State Recv-Q Send-Q Local Address:Port Peer Address:Port Process
UNCONN 0 0 10.0.3.1:53 0.0.0.0:* users:((“dnsmasq”,pid=14109,fd=6))
UNCONN 0 0 127.0.0.53%lo:53 0.0.0.0:* users:((“systemd-resolve”,pid=13876,fd=12))
UNCONN 0 0 0.0.0.0%lxcbr0:67 0.0.0.0:* users:((“dnsmasq”,pid=14109,fd=4))
UNCONN 0 0 0.0.0.0:27015 0.0.0.0:* users:((“hlds_linux”,pid=13977,fd=8))

And you mean unsetting it with:

sudo nsenter --mount=/run/snapd/ns/lxd.mnt – bash
LD_LIBRARY_PATH=/snap/lxd/current/lib/:/snap/lxd/current/lib/x86_64-linux-gnu/ /snap/lxd/current/bin/dnsmasq --help

I’m not familiar with this.

tomp · June 17, 2021, 10:35am

No not the snap commands, the link I posted showed you how to do it, but its:

lxc network unset lxdbr0 raw.dnsmasq

Skyrider · June 17, 2021, 10:36am

if I do that, only IPV6’s are assigned to the containers.

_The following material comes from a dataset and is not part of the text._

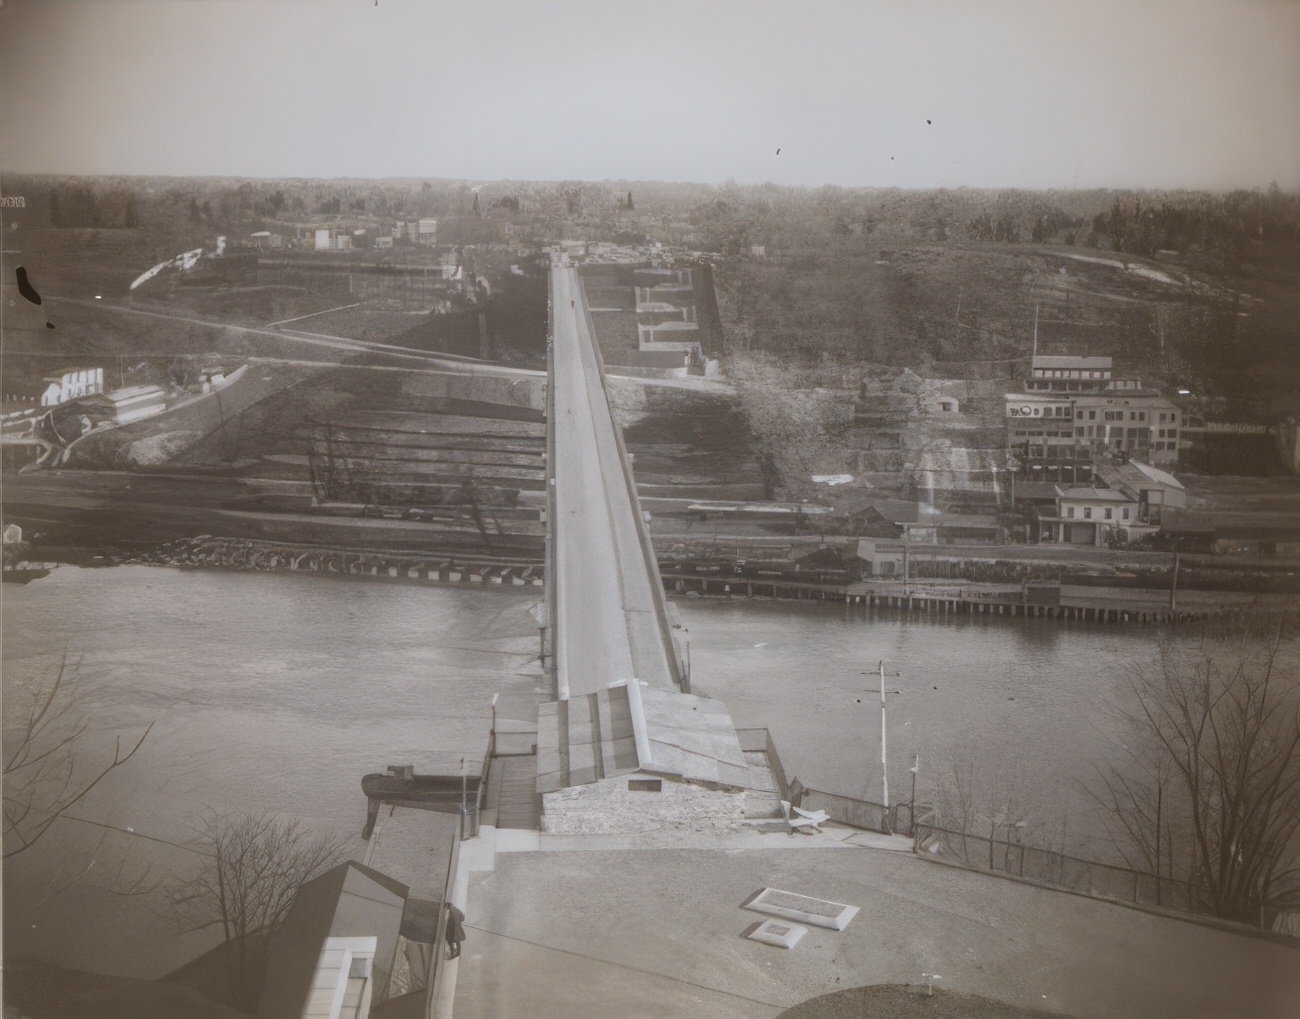 Looking Down On High Bridge, Circa 1910.

±-------------±--------±-----±----------------------------------------------±----------±----------+
| baker | RUNNING | | fd42:78f0:8cd8:9b63:216:3eff:fe93:526c (eth1) | CONTAINER | 0 |
| | | | fd42:78f0:8cd8:9b63:216:3eff:fe69:389b (eth0) | | |
±-------------±--------±-----±----------------------------------------------±----------±----------+

tomp · June 17, 2021, 10:37am

Can you reload LXD now:

sudo systemctl reload snap.lxd.daemon

And then restart your containers.

Skyrider · June 17, 2021, 10:39am

Just tried, sorry. Only IPV6 still:

Ips:
eth0: inet6 fd42:78f0:8cd8:9b63:216:3eff:fe69:389b vethfaa4b48f
eth0: inet6 fe80::216:3eff:fe69:389b vethfaa4b48f
eth1: inet6 fd42:78f0:8cd8:9b63:216:3eff:fe93:526c vethc3504a1d
eth1: inet6 fe80::216:3eff:fe93:526c vethc3504a1d
lo: inet 127.0.0.1
lo: inet6 ::1

tomp · June 17, 2021, 10:41am

Can you run dhclient inside your container please

Skyrider · June 17, 2021, 10:47am

Running it doesn’t seem to do anything. It just… “hangs”.

tomp · June 17, 2021, 10:48am

Can you show the output of sudo ss -ulpn on the LXD host please.

Skyrider · June 17, 2021, 10:49am

tomp · June 17, 2021, 10:54am

You have DHCP service listening.

BTW what is lxcbr0 (as opposed to lxdbr0)?

Can you check the output of sudo iptables-save and sudo nft list ruleset to check if a firewall could be blocking it.

Skyrider · June 17, 2021, 10:55am

No idea what lxcbr0 is, haven’t used it and is set as unmanaged.

As for iptables, I’m using UFW.

tomp · June 17, 2021, 10:56am

Well in that case can you kill the dnsmasq process listening on that interface to rule it out. Always best to keep things as simple as possible in my experience.

The output of those commands above please.

Skyrider · June 17, 2021, 11:00am

As for “sudo nft list ruleset” → Command not found.